Cross-modal Graph Matching Network for Image-text Retrieval

Overview

Existing image-text retrieval methods:

independent representation matching methods, which generate the embeddings of images and sentences independently and thus are convenient for retrieval with hand-crafted matching measures.
cross-interaction matching methods, which achieve improvement by introducing the interaction-based networks for inter-relation reasoning, yet suffer the low retrieval efficiency.

This paper proposes a graphbased Cross-modal Graph Matching Network (CGMN), which explores both intra- and inter-relations without introducing network interaction.

Motivation and Contributions

alt img

As shown in the figure, image-text retrieval methods can be classified into two categories, including independent representation matching methods and cross-interaction matching methods.

However, independent representation matching methods sacrificing some accuracy because the matching step only needs to compute the embedding distances between the query and each pre-stored image or sentence embedding in the database. And cross-interaction matching methods have low computational efficiency because they need more similarity computing in an interactive manner or network-based matching.

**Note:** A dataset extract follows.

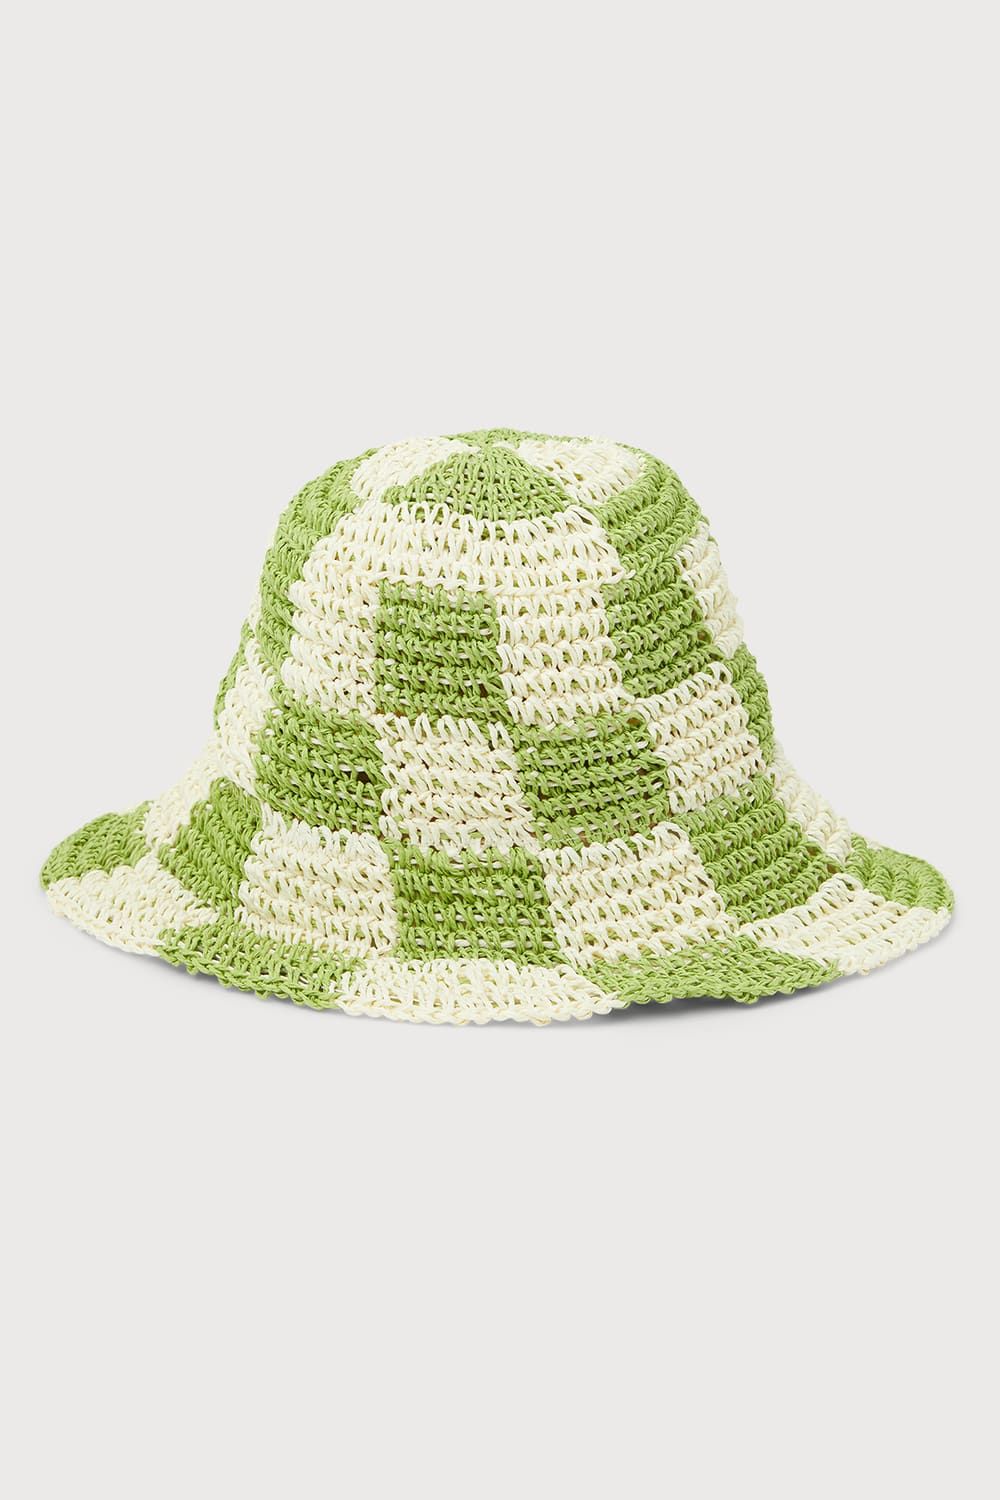 Sadie Green and White Checkered Straw Bucket Hat | Lulus

Therefore, this paper develop an effective and efficient image-text matching method, which can achieve good accuracy as cross-combined matching methods, while being as efficient as independent representation matching methods.

Contributions

The authors propose a novel graph-based independent representation method CGMN for fine-grained and fast image-text retrieval, which is computationally eficient as independent representation methods while taking the advantage of cross-modal inter-relation reasoning of cross-interaction methods.
They design a graph-based network to achieve intra-relation reasoning in embedding images and sentences and propose a novel graph node matching loss only used during training, to better learn cross-modal fine-grained alignment and achieve inter-relation reasoning between image regions and words in sentences, without any sacrifice of computational efficiency in the retrieval.